March 03, 2011

Review: The Road & More


The Road by Vassily Grossman (New York Review of Books)

Thisamazing collection of fiction and non-fiction by one of the 20th century's most talented and most overlooked writers re-demonstrates that Grossman was a meticulous documentarian of the Russian soul.

There is pathos and sorrow here, most notably in "The Hell of Treblinka," but there is hope and lightness as well, albeit at times tinged with the inescapable Soviet Orthodoxy.

Grossman's letters to his deceased mother are heart-wrenching, and his short stories are profoundly memorable. Robert Chandler's superb editing, introduction and notes make this a collector's edition.

Russian Literature, by Andrew Baruch Wachtel and Ilya Vinitsky (Polity)

A brilliant survey of the themes and trends in Russian literature, one period at a time. Each period is looked at through the tripartite lens of a chosen biography, a literary or cultural event, and a work of literature, making this vast and often intimidating subject manageable.

Growing Up in a Criminal World: Siberian Education, by Nicolai Lilin (W.W. Norton, April 2011)

If you have an interest in the Russian Underworld, this book - one is not sure whether to call it fiction or creative non-fiction or history - is a sort of first person account of life growing up in a strict, brutal criminal world.

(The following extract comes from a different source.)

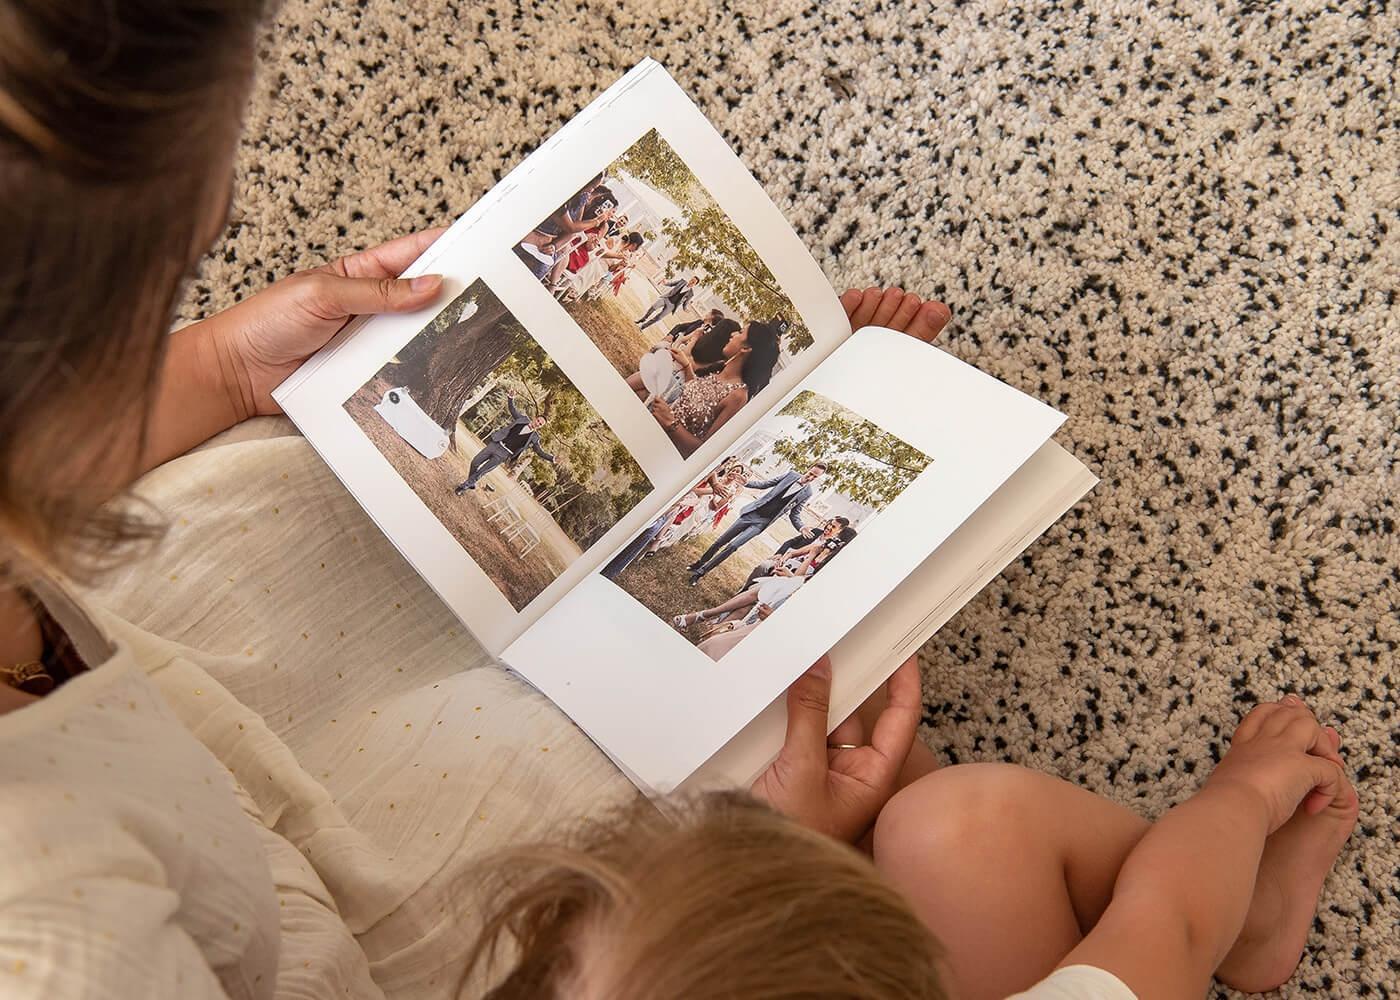 Innocence - Souvenirs - Impression album photo

It is so rich in detail of the underworld life that one suspects it has to have been informed by deep personal experience.

The True Memoirs of Little K, by Adrienne Sharp (FSG)

A beautifully written, highly unreliable (so the fictional author herself admits), yet entertaining first person memoir by ballerina Mathilde Kschessinska, mistress to the last tsar. A colorful portrait of court life at the end of the Romanov's reign that seems to ring true with historical fact, as much as that can be known.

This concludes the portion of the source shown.